Um dos filhos do casal chegou na residência por volta de 11h30, encontrou os corpos em um cômodo da casa e acionou o Serviço de Atendimento Móvel de Urgência (Samu). Quando os socorristas chegaram ao local, o casal já estava em óbito.

De acordo com a delegada Larissa Franco Serpa, da Delegacia Especializada de Atendimento à Mulher (Deam), o casal estava junto há mais de 30 anos e não havia histórico de violência registrado.

Em conversa preliminar com os familiares, foi repassado à Polícia Civil que a mulher desejava a separação e o homem não. Além disso, ele já estaria resolvendo pendências que davam indícios da possível intenção de cometer o crime.

"É importante destacar que essa vítima já havia manifestado para a família que desejava se separar, e havia uma espécie de resistência por parte do autor de encerrar esse relacionamento, embora houvesse esse desejo dela", disse a delegada.

"O suposto autor também teria encaminhado alguns áudios para o filho, algumas informações a respeito de coisas deixadas, enfim, como se ele estivesse tentando resolver algumas coisas depois que tivesse partido. Ele não fala isso de modo expresso, mas ele encaminha algumas mensagens para o filho", acrescenta.

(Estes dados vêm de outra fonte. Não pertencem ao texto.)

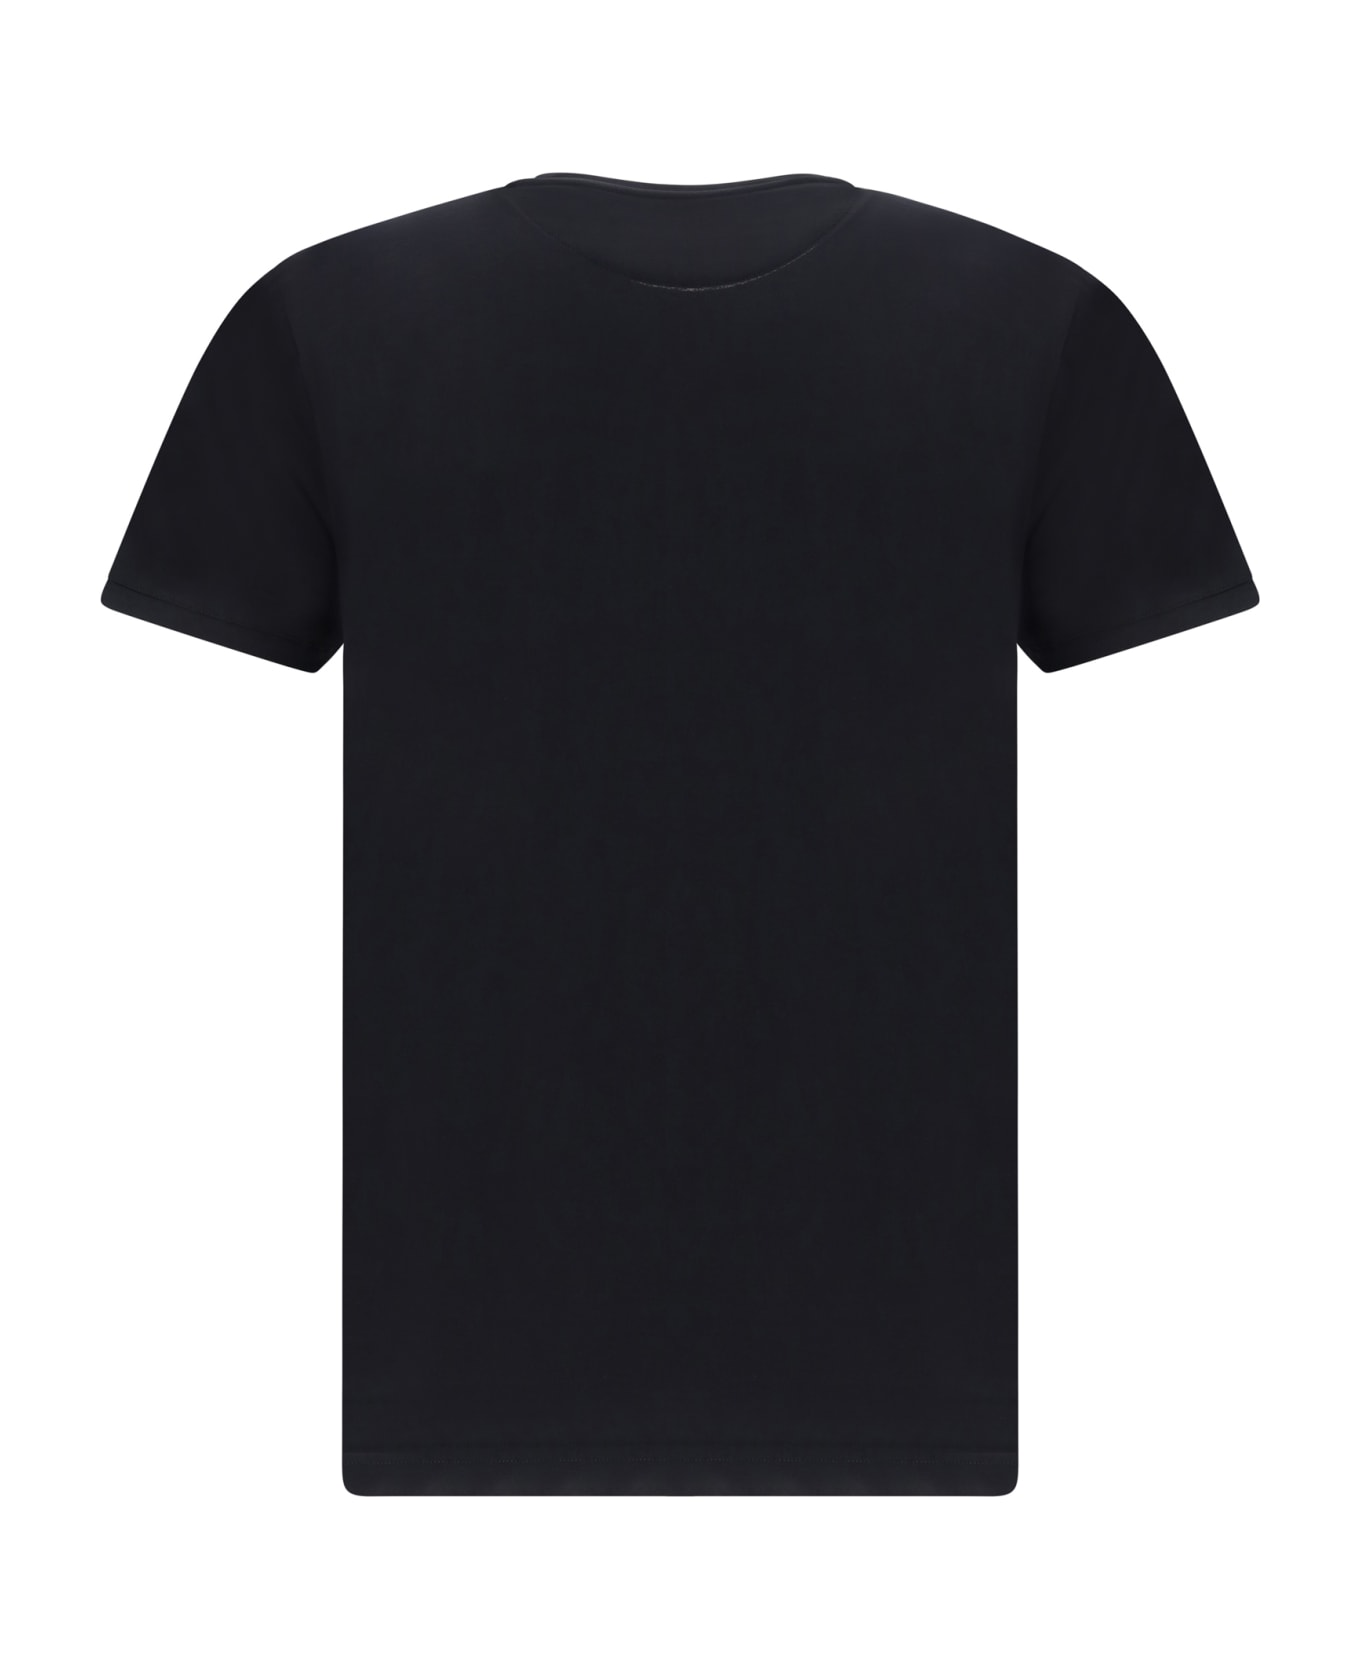 Fendi T-shirt With Leather Logo Patch - Nero シャツ

A delegada ressalta que ainda não é possível afirmar se o crime foi premeditado, pois as investigações foram recém iniciadas para apurar todas as circunstâncias e delimitar como foi praticado o crime, que será registrado como feminicídio.

A forma como os corpos foram encontrados e marcas de defesa na vítima apontam que houve um embate e que, provavelmente, segundo a delegada, houve uma tentativa da vítima se desvencilhar das agressões.

Não foram divulgadas informações sobre quantas facadas foram desferidas contra a vítima e quais os locais atingidos.

Uma vizinha, que preferiu não se identificar, afirmou que o casal era muito amigo de todos na região e que nunca presenciou brigas ou discussões. " A gente sempre via eles tomando tereré e rindo muito", disse.